In telecommunications, ITU G.992.2 (better known as G.lite) is an ITU standard for ADSL using discrete multitone modulation. G.lite is designed to not require the use of a DSL filter.

G.lite is a modulation profile which can be selected on a DSLAM port by an ADSL provider and provides greater resistance to noise and tolerates longer loop lengths (DSLAM to customer distances) for a given bandwidth. Most ADSL modems and DSLAM ports support it, but it is not a typical default configuration. The transmission speed of G.lite (G.992.2) is 1.5 Mbit/s downstream and 512 kbit/s upstream.
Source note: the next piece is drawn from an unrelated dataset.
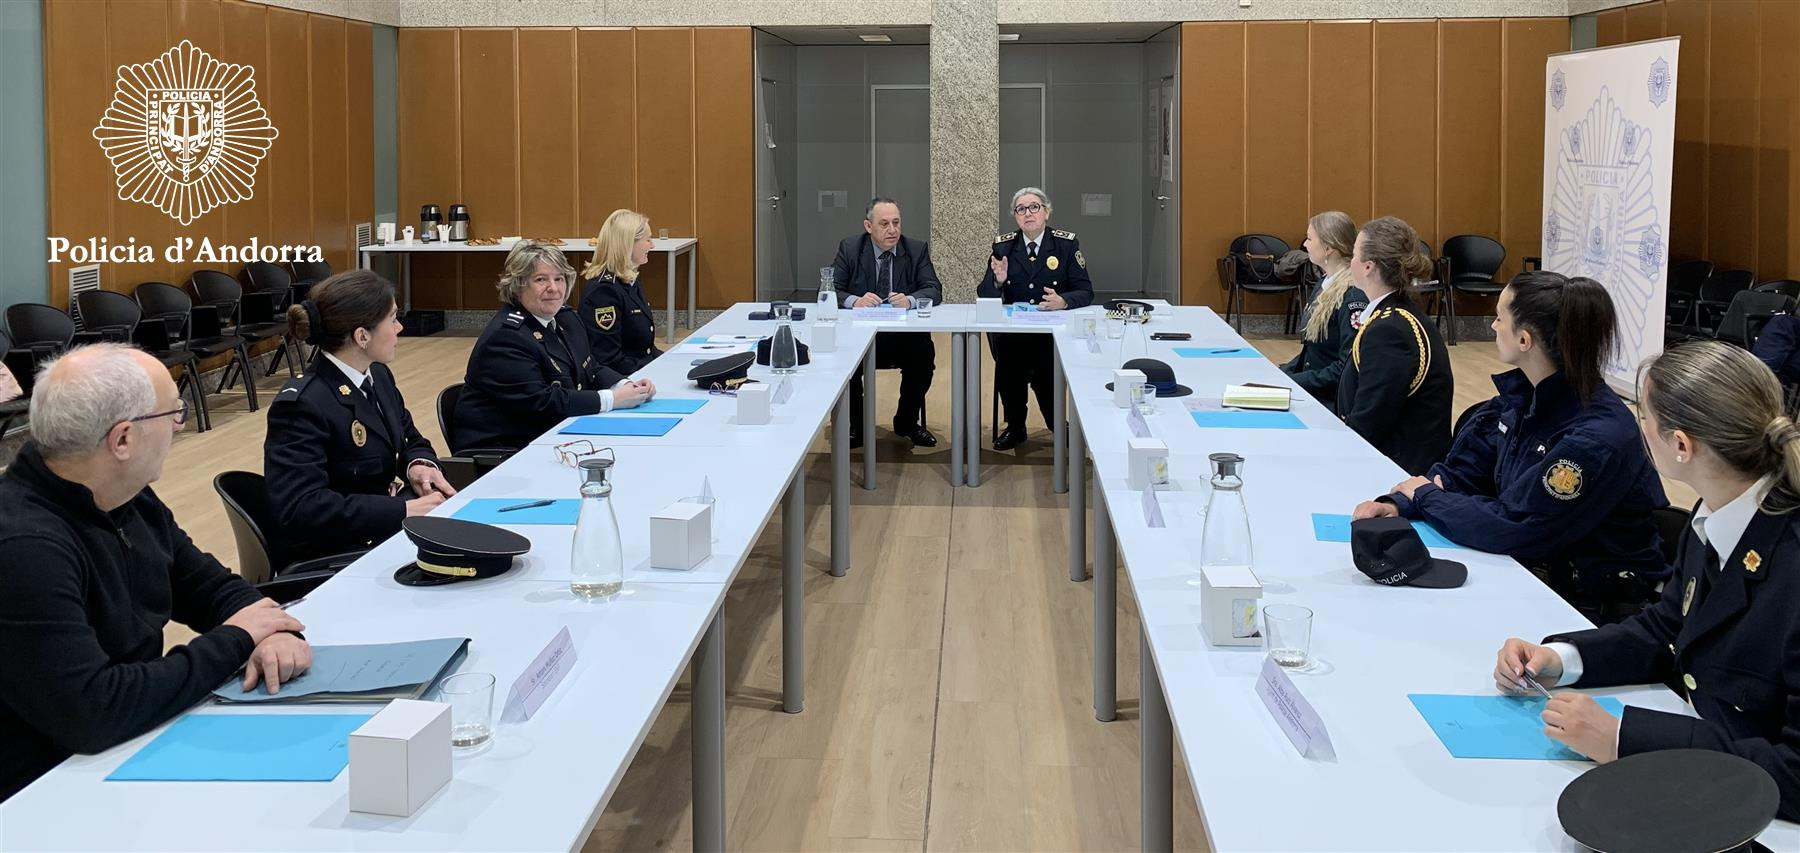 La Policia acull la reunió de la junta general de la Xarxa Europea de Dones Policia

The G.lite specification was an accelerated ITU-T effort to drive interoperability among vendors and was facilitated by the Universal ADSL Working Group, or UAWG. The G.lite standardization effort took a total of 11 months from start to finish, setting a new record for ANY standard effort within the ITU-T. The previous record had been the V.90 specification for analog modems, which took 18 months to complete. The UAWG consisted of three sets of members: Promoters, Supporters and Adopters. Intel, Compaq and Microsoft were able to rally the support of all of the US RBOCs and five of the largest international carriers (NTT, British Telecom, France Telecom, Deutsche Telekom, and Singapore Telecom), collectively representing the Promoters, to drive the major communications equipment manufacturers (the Supporters) to demonstrate interoperability of products based on the G.lite specification at SUPERCOMM in June 1999. Adopters represented the majority of the remaining companies in the communications industry that were committed to supporting the new technology specification.